I know they aren't to everyone's taste but Red Ramshorn Snails will <"eat BBA sporelings"> (but not established tufts). 

cheers Darrel


----------



## alto (15 Aug 2018)

Not really related but wondering if you set up the Fluval Roma 200 (from an earlier topic)?

11watt LED light on the 20litre tank seems a lot  
- what are the dimensions on this tank?

George Farmer recently set up a 30cm cube with the Aquario CO2 kit (15£ includes everything) - I’d be inclined to add this to one of your tanks (OK I’d add it to both ) and see how that goes 
This is a yeast based system so produces  24/7 CO2, easy to add in a switch (airline) valve so you can control CO2 to tank

Using the non-livestock 48litre tank as the experimental tank,
- follow Filipe Oliveira Excel method to reduce algae 
- add the Aquario CO2 kit, as no livestock I’d just leave as is & adjust filter at night to provide good surface agitation (reducing CO2 etc)
- clean filter, daily water change, daily water column dosing with Tropica fertilizer system or Evolution Aquascaper (or similar) ...
What is the Substrate in this tank?
Plant density? 


You might find the non-CO2 injected 90cm tank (in Aquaflora showroom) set up by Filipe Oliveira interesting, video series begins with initial tank set up, following tank progress over the last couple years 

I linked the videos in this thread


----------



## Greeny (4 Sep 2018)

Sorry for the delay in replying back guys, I just got back from holiday and realised after I posted that I had so much to do I didn't get a chance however I've took in the advice that you shared so thanks for that and now that I'm back I can get hands on again at trying to solve the issue.

That eco complete I was talking about was actually Evolution aqua complete liquid plant food. I bought it because it was recommended by George (I'm sure on some videos he called it eco complete) and I dosed 1ml a day before I got the BBA bloom. So I thought perhaps it was due to fertilizer overdosing or it had the chance cause the blue green algae was under control and it was free to thrive. I stopped dosing unless I did a water change and I did remove leaves that were affected but I know its about trying to get the balance in order for it to die off again.
The filtrations are nothing special and maybe part of the cause, certainly for the 20Litre anyway. Any recommendations of filter and filter media?
I'll do a clean up and take a couple of photos in order for you guys to see them soon.
Thanks for the info Darrel and I'll look into the snails.

I never really thought of lighting capacity Alto cause it didn't really look that bright when on but yeah I can see what you mean now. I'm not sure the dimensions of the tank, it has a rounded front which makes it a bit awkward to get accurately the dimensions but realising now when I say 20 litres, its not the tank capacity but the amount in the water column after substrate etc. Both tanks have ADA amazonia substrate and the plant density particularly in the 48 litres is thick. The hygrophila in the 20 litre is up to the surface.
The yeast based system sounds interesting and I'll look into that and I will also look at the videos you suggested.
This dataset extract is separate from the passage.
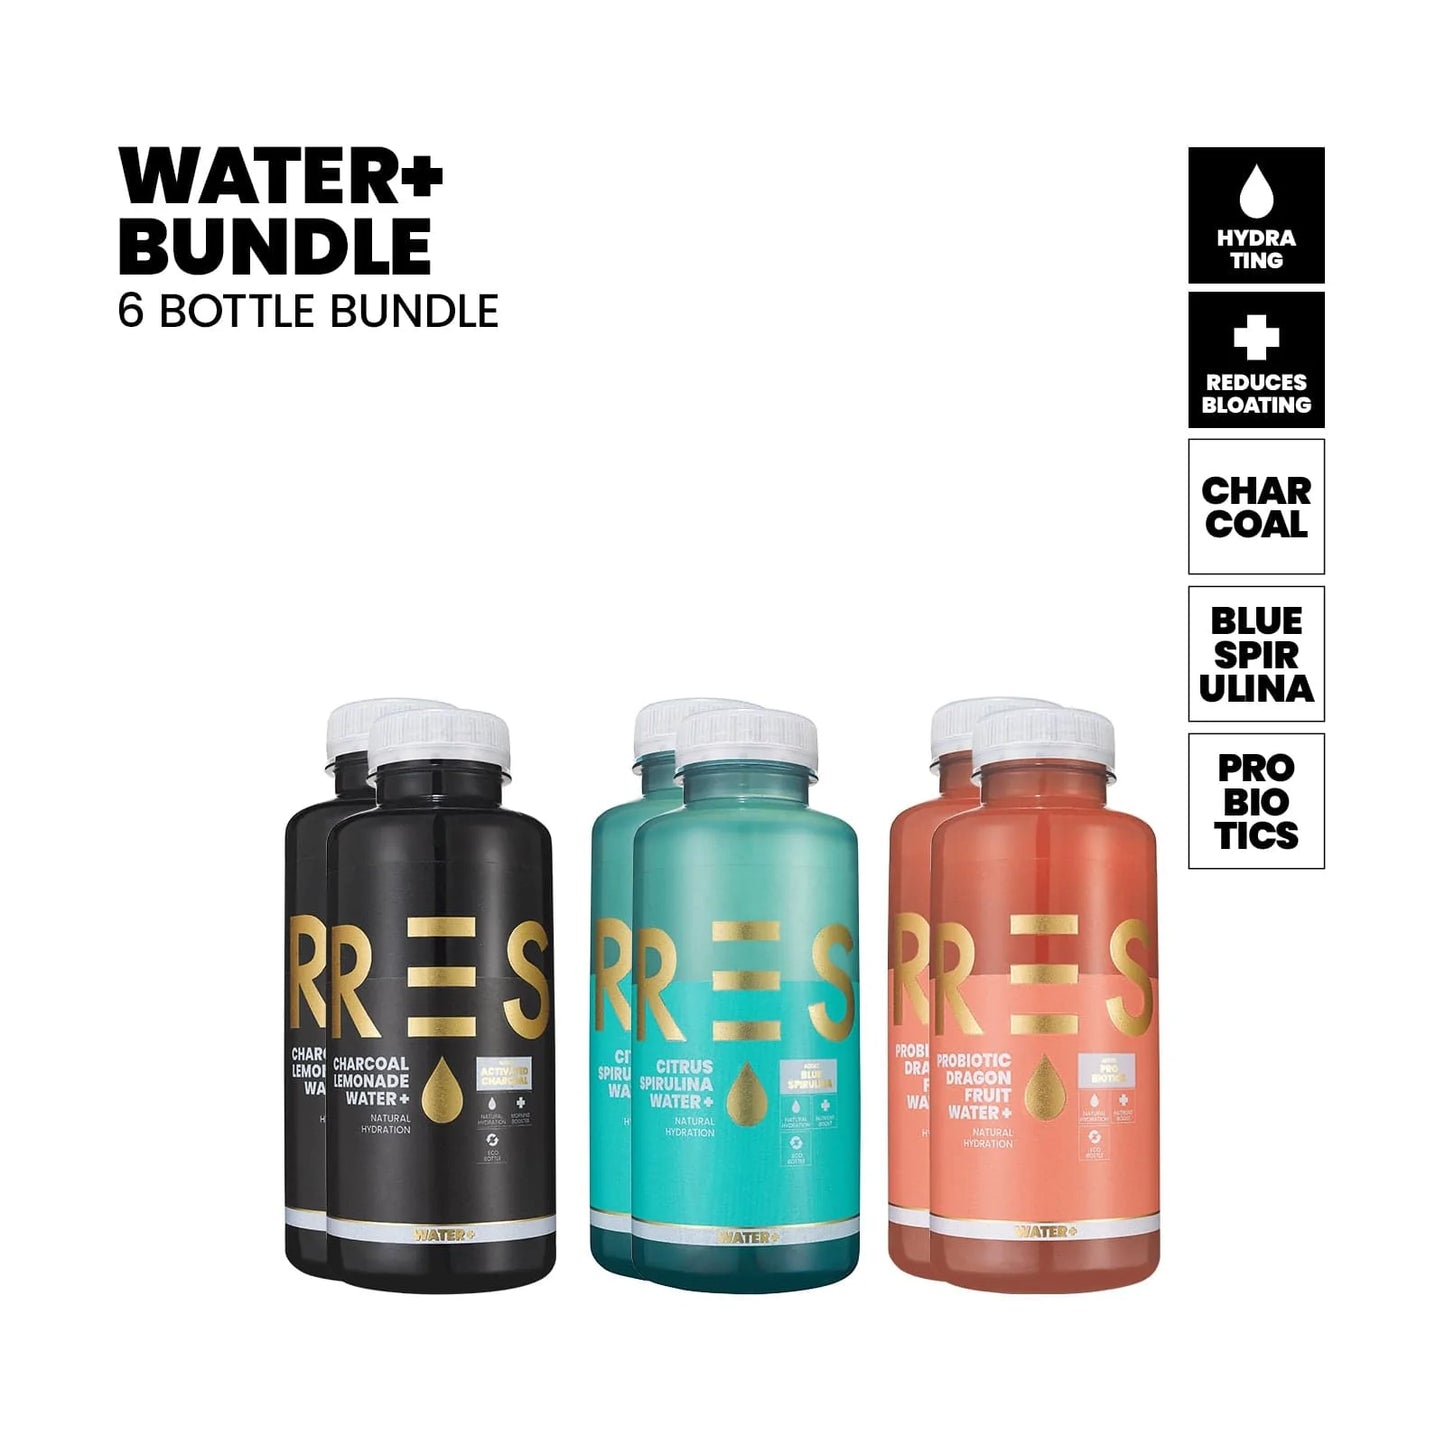 Water+ Bundle

As for the 200 litre, after some considerable thought I have decided to shelve the idea for now as I think it may be a case of running before I walk. I appreciate the possibility of it being actually easier with a larger water capacity however I also considered the cost of it and the limited room we have for it too as where it is standing now a sofa would really be more practical. I thought about perhaps getting hold of a 100litre rectangular tank and seeing what I can do with that first, less hardscape, less substrate, less filtration should hopefully make it feel a bit more budget friendly. For now though, the fight against algae begins.


----------



## Matt @ ScapeEasy (5 Sep 2018)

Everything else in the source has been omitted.